→ **Exercise**
Output all of the data exactly as it appears, but leave out any pictures it contains.

→ **The data**
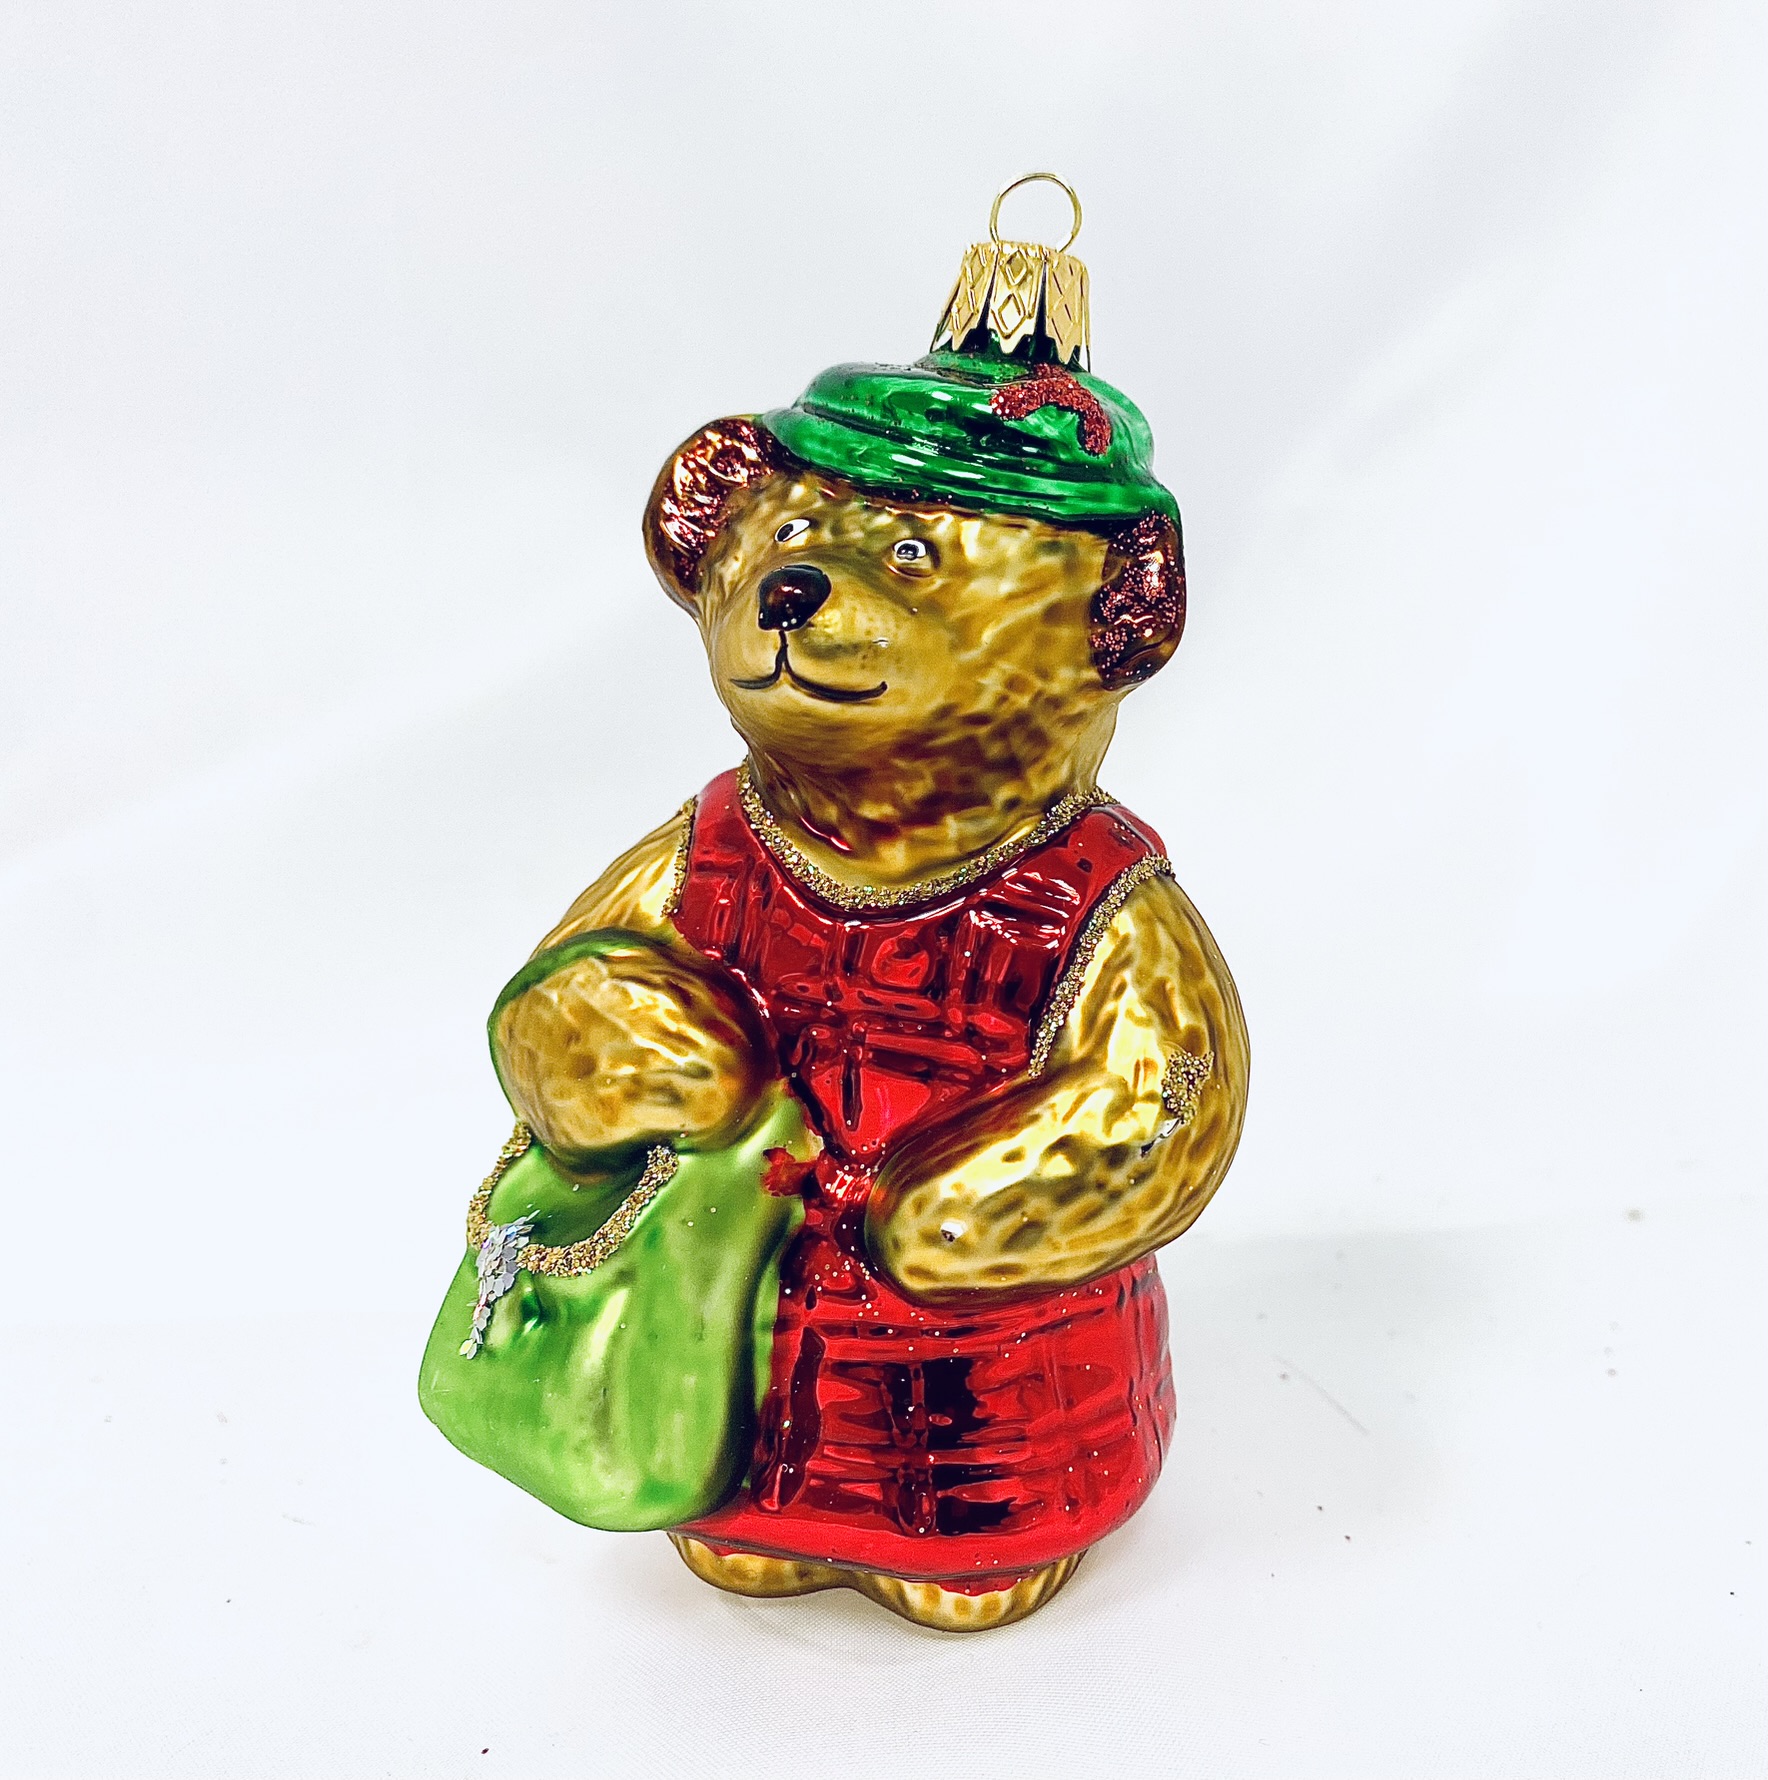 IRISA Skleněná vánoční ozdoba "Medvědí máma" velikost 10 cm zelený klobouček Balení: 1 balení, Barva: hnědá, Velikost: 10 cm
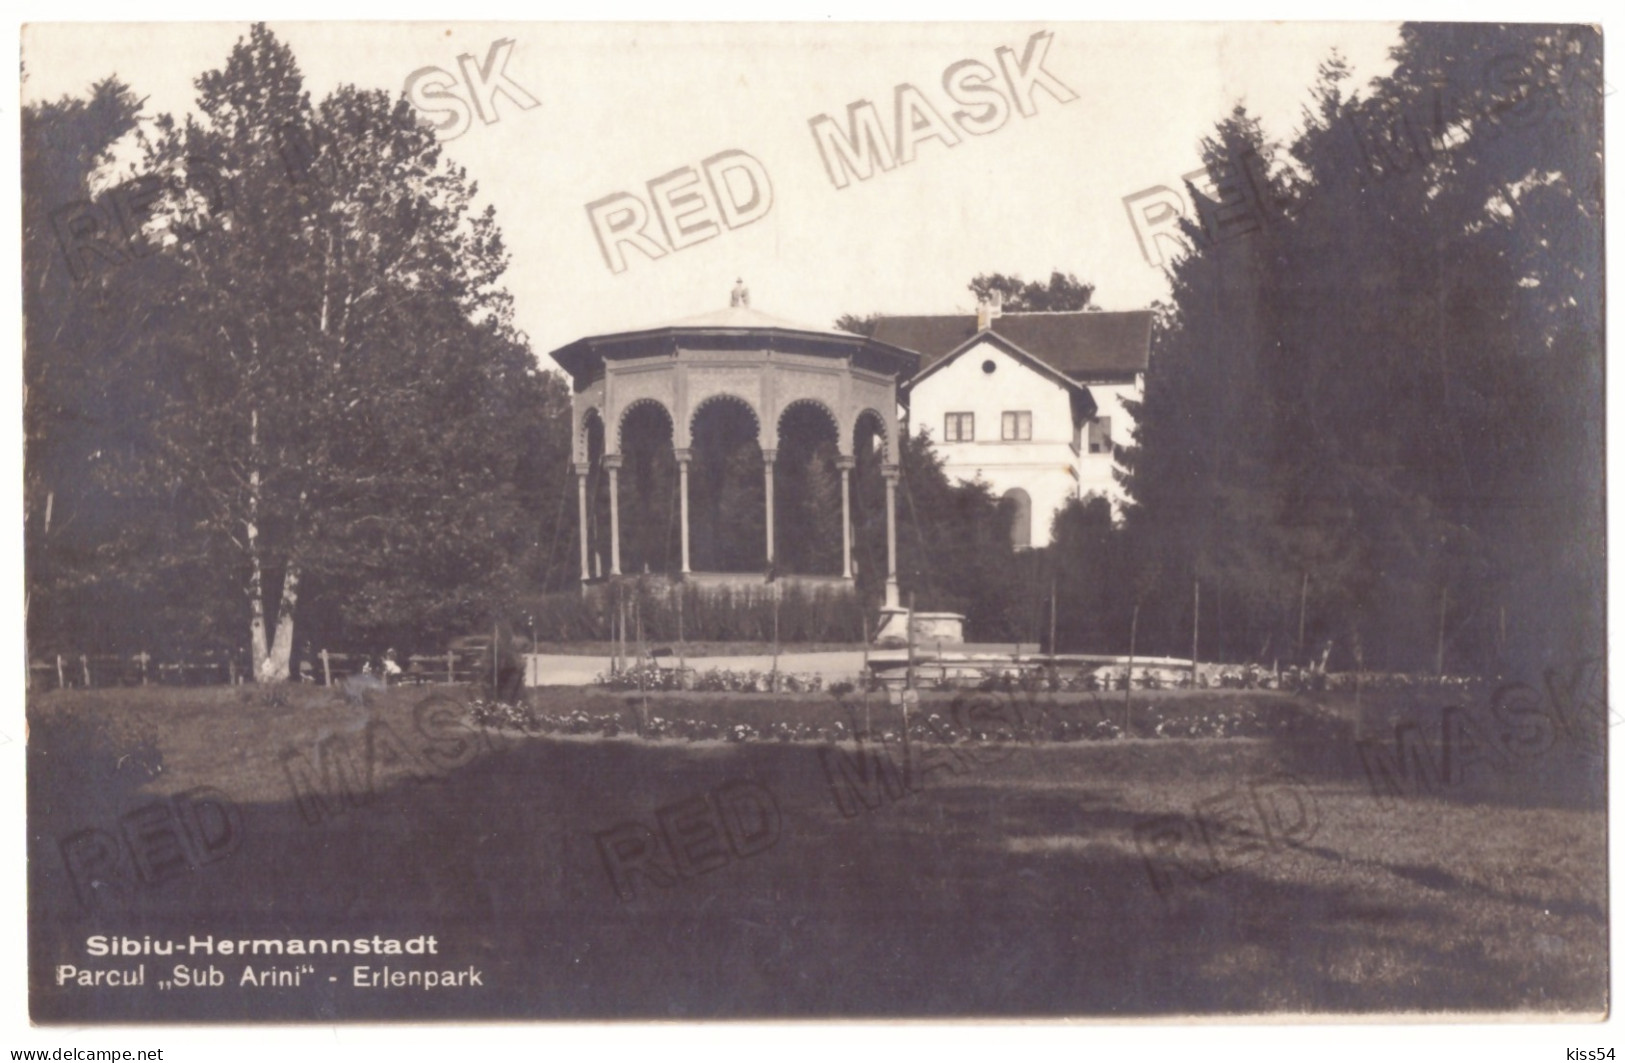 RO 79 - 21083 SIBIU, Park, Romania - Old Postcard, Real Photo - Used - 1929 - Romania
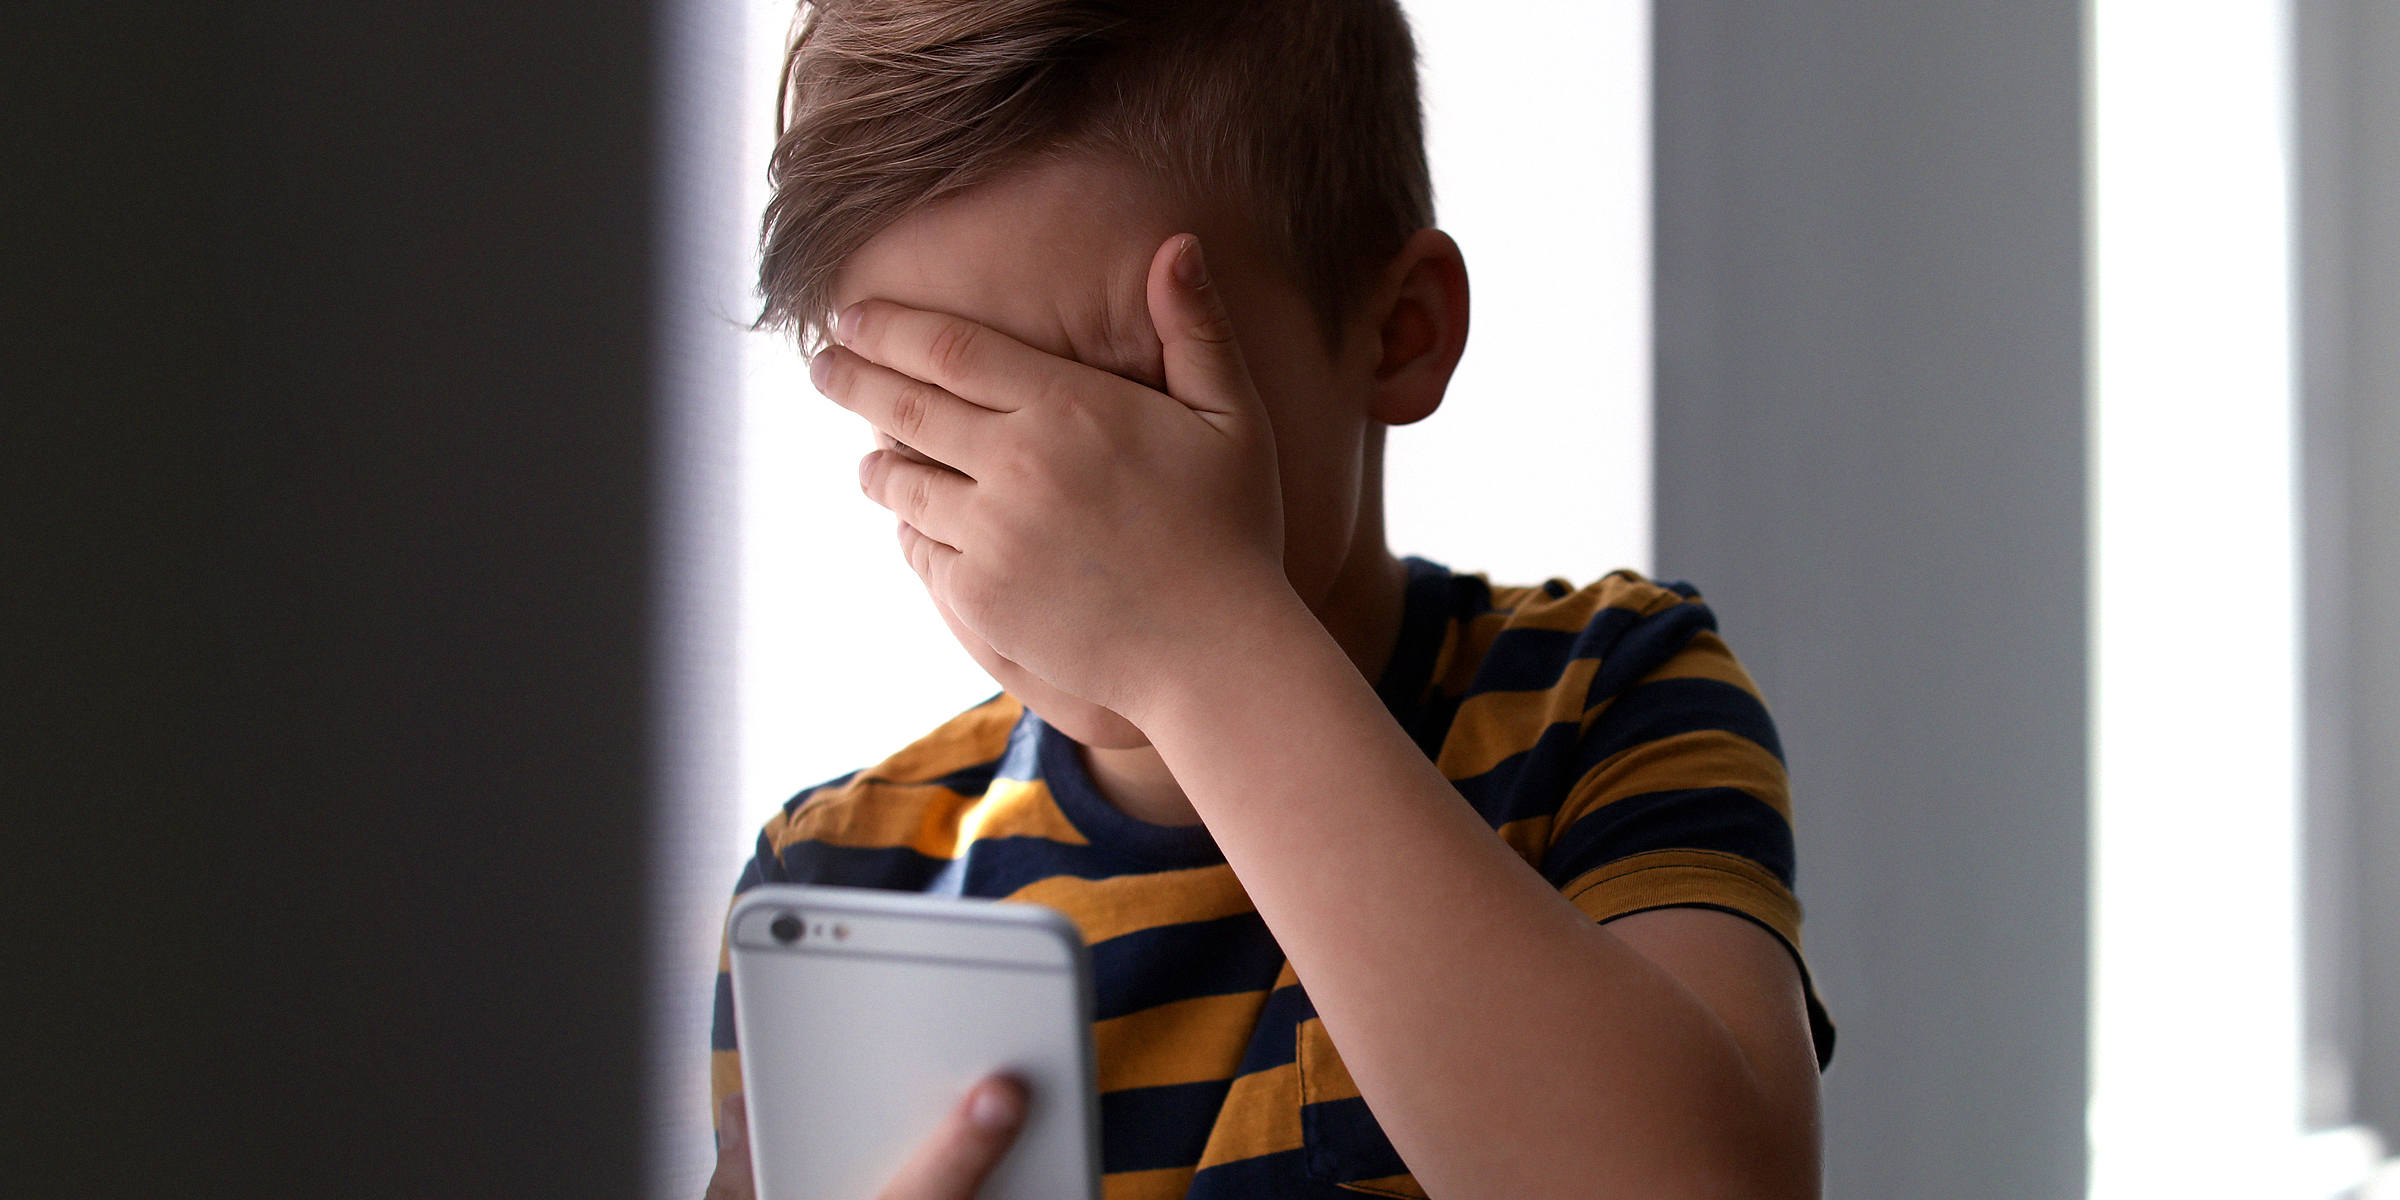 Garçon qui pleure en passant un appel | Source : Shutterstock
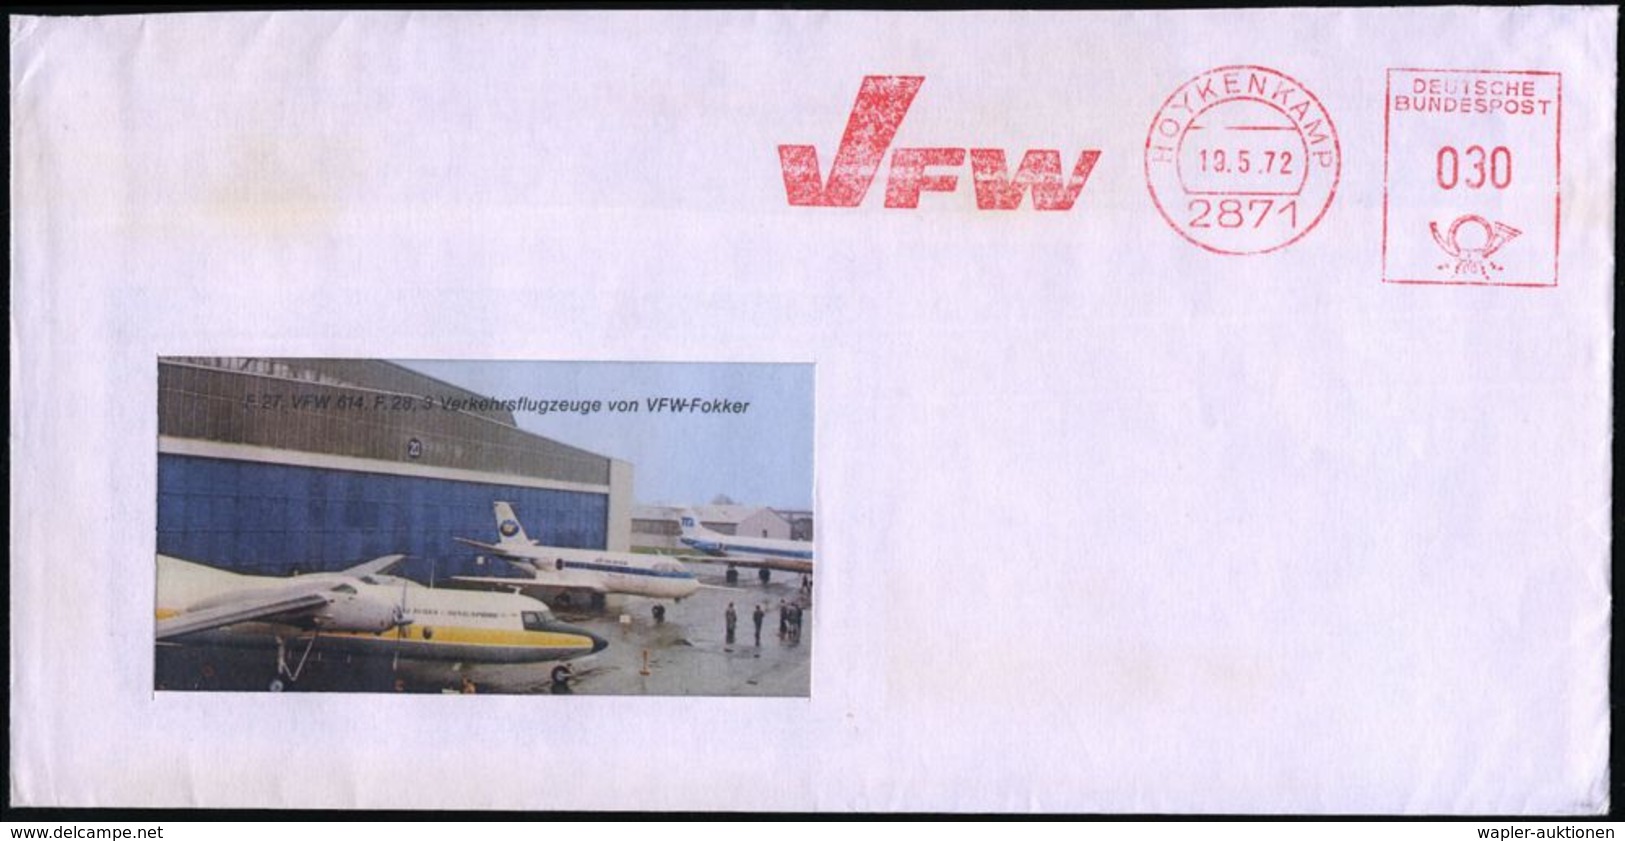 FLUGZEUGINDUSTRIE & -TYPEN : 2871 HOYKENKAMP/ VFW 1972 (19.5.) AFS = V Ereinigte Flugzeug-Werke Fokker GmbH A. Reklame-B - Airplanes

→ **Output for this exercise**
 IRISA Skleněná vánoční ozdoba "Medvědí máma" velikost 10 cm zelený klobouček Balení: 1 balení, Barva: hnědá, Velikost: 10 cm
 RO 79 - 21083 SIBIU, Park, Romania - Old Postcard, Real Photo - Used - 1929 - Romania
 Garçon qui pleure en passant un appel | Source : Shutterstock
 FLUGZEUGINDUSTRIE & -TYPEN : 2871 HOYKENKAMP/ VFW 1972 (19.5.) AFS = V Ereinigte Flugzeug-Werke Fokker GmbH A. Reklame-B - Airplanes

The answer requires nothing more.